Robots will take over 6 percent of jobs in USA by 2021, says a recent report by Forrester. Oxford University is even going as far as to say that by 2035, up to 47 percent of our jobs are at high risk of being automated. If that number doesn’t have an impact, imagine this: by the time the current generation of infants legally reaches adulthood, they will have done so in a world where nearly half of our current jobs may be automated.
What are the driving forces behind this development? And which jobs will be targeted?
The driving force behind the automation of jobs – other than continually increased computational power, the heart of everything IT – are two separate developments: Robotic Process Automation (RPA) and Artificial Intelligence (AI). Often lumped together, it is important to distinguish between the two as they appear similar on the surface but are in fact vastly different.
RPA is automation in purest form, working on an “if this, then that” basis. Mention the right word – or every synonym or misspelling you can think of – and the bot is triggered to fire off one or more of its many preprogrammed actions. It’s doing what we did before – only faster. This makes it easy to imagine customer service employees being automated – the customer calls with a certain complaint or question and the RPA gives the appropriate response. Process completed. It is RPA that will have the most notable, short-term impact on our jobs.
With AI, it’s a different story altogether. AI combines techniques such as machine learning and deep learning to constantly redefine its models and thus, to refine itself. AI is much more adaptive than RPA. RPA will do what you tell it to do, and it will do it again and again and again (when asked). AI is built to be self-learning and as such, it will change what it does as it learns and goes along. It is capable of learning from your behavior as it goes along. And this aspect, the ability to offer personalized, contextual information, will turn out to be more transformative than RPA could ever hope to be, even if it takes AI more time to come to fruition.
Our fear of a tyrannical AI is greatly surpassed by the ease with which AI slowly seeps into our lives.
And don’t kid yourself: AI is already all around us.
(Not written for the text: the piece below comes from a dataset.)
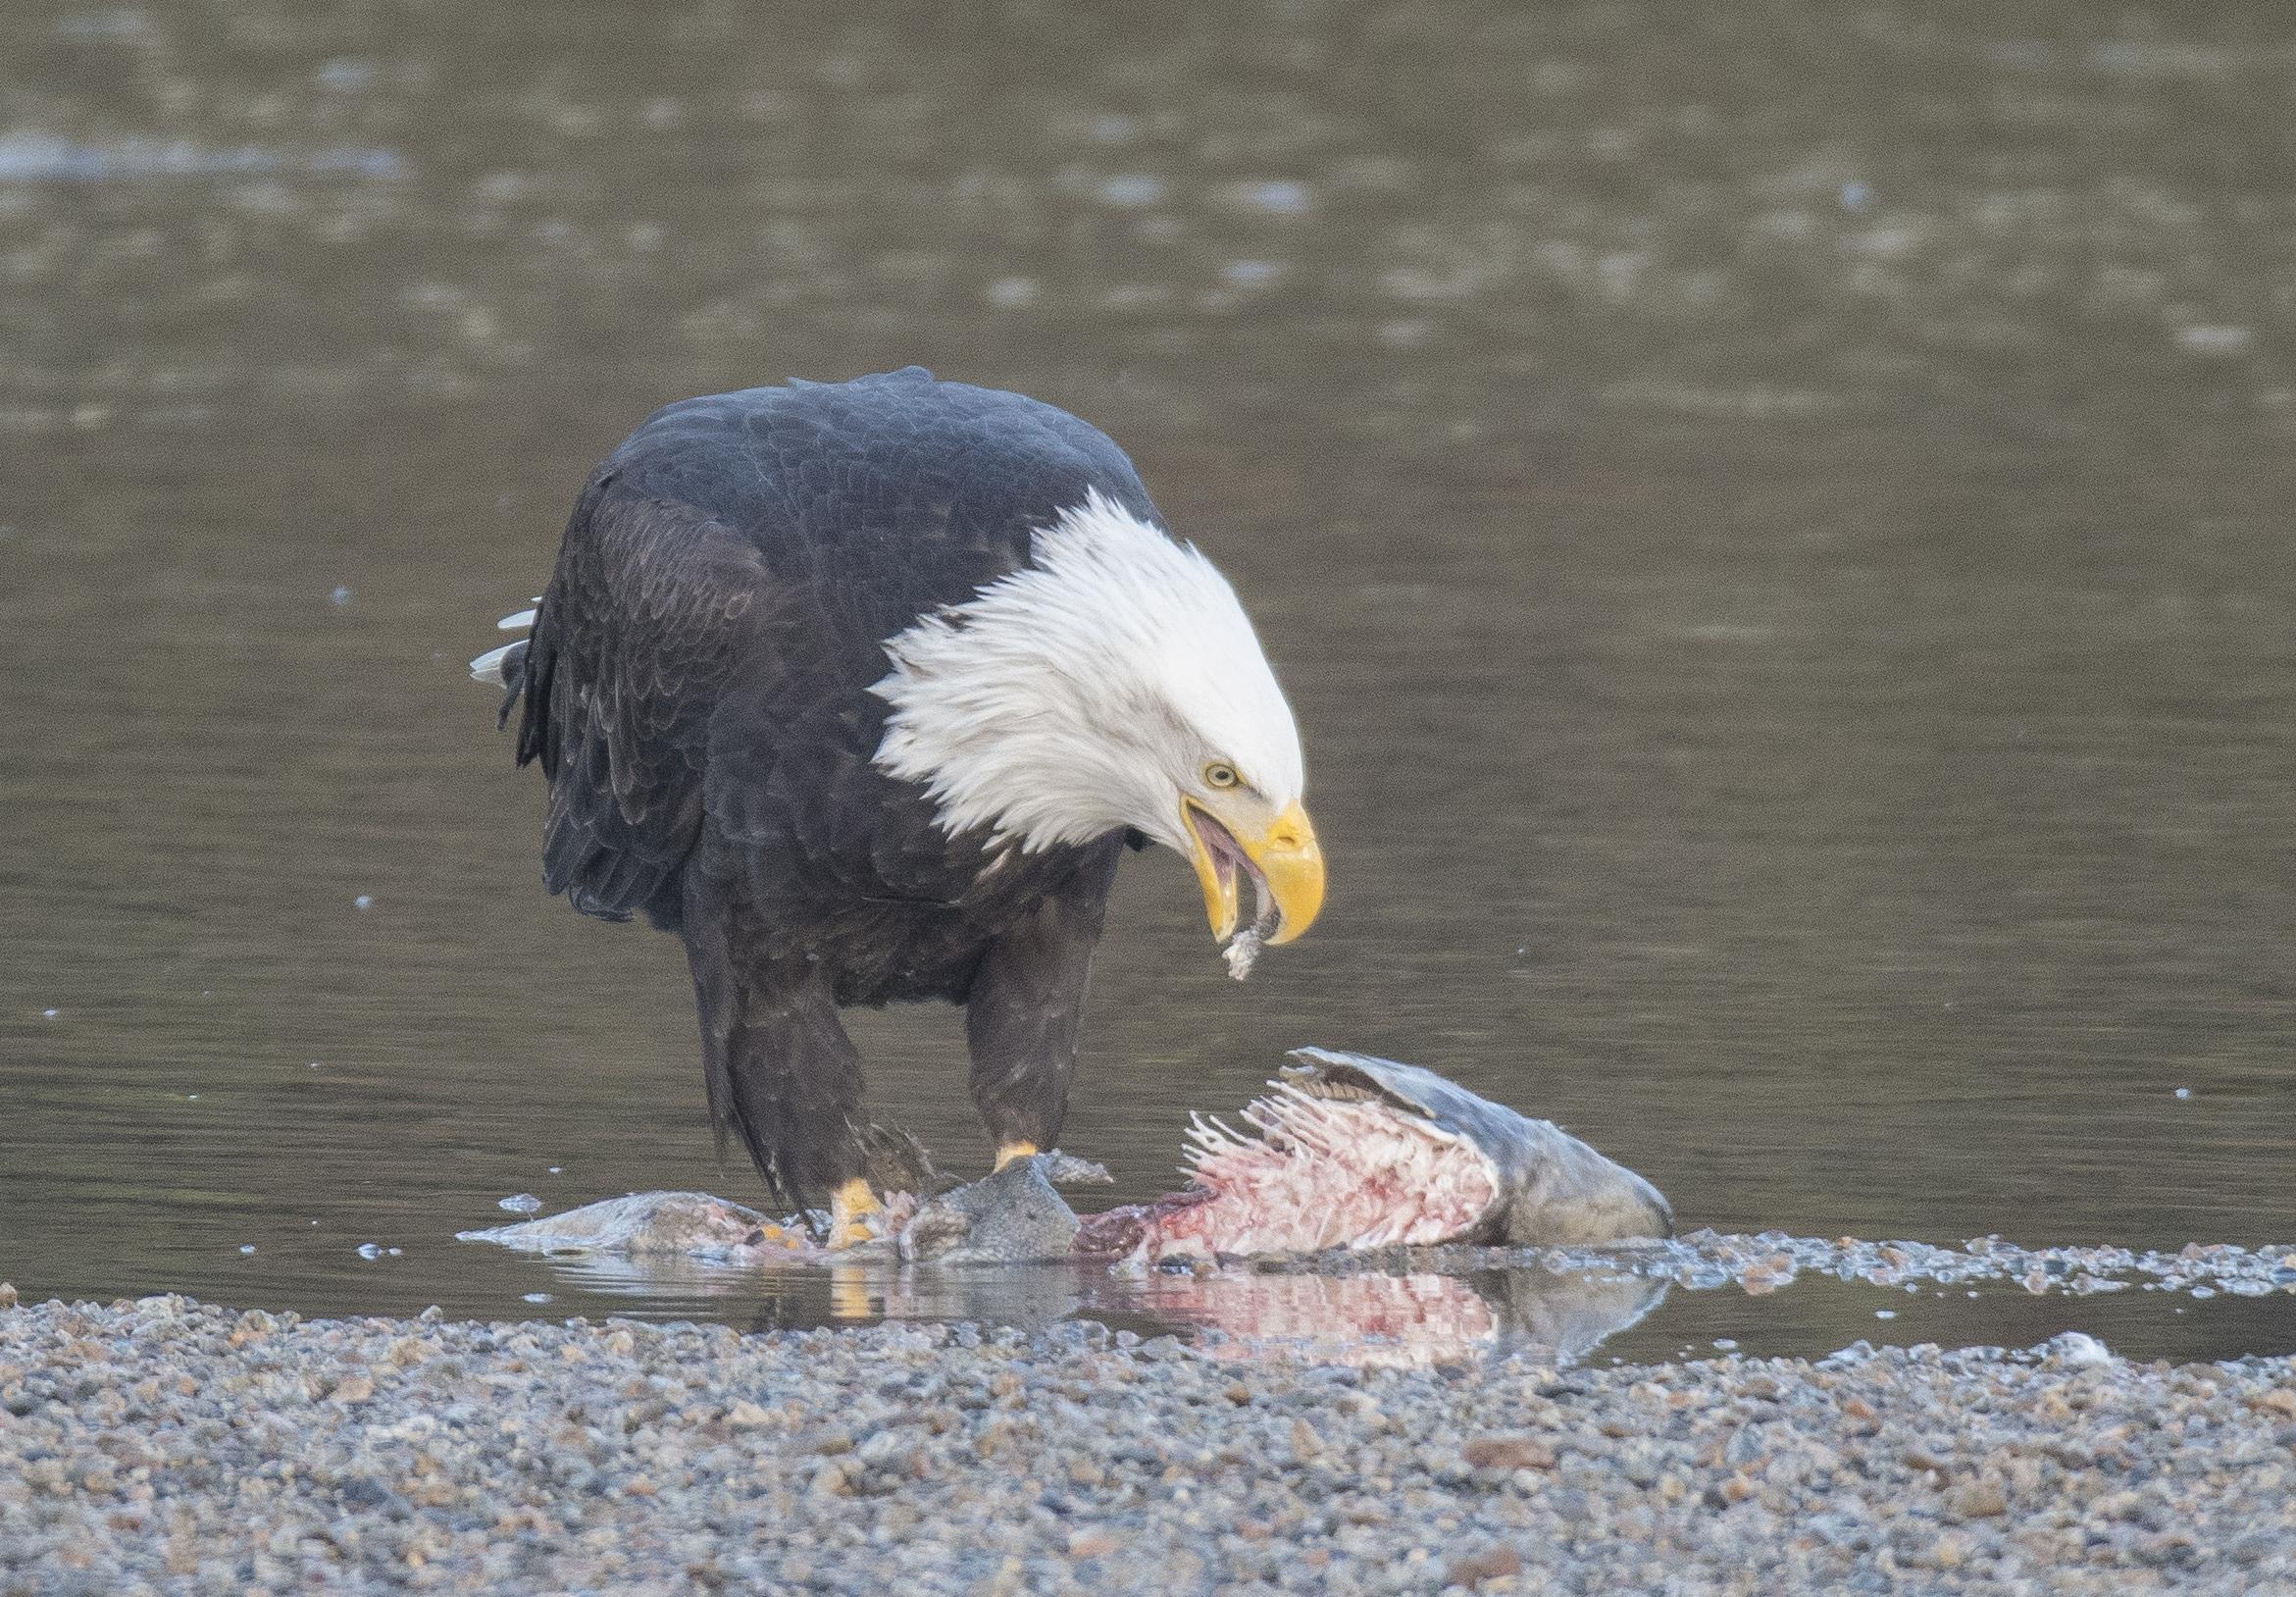 eagle eating a salmon.jpg

The other day I got in my car and Google Maps told me: “it’s busy on the road, it’s a 57 minute drive to your home”. I was surprised, as I had not indicated that I was going home. But there’s no need to tell Google Maps that, as my behavior – driving home after work at a certain time of the day – is regular enough for it to guess where I’m going at that time of the day. Surprised at first, and perhaps a little agitated – “this is none of Google’s business!” – my reaction quickly shifted from agitation to expectation. As soon as I get in my car, I want to know how long it’ll take me to get to my house – and if Google Maps knows that traffic is particularly bad, why can’t it send a quick message to my wife (my next appointment) that I’ll be running late for dinner? Or, if we’re taking an Internet of Things perspective, it may even instruct my oven to cool down so dinner isn’t overcooked when I arrive ten minutes later than usual.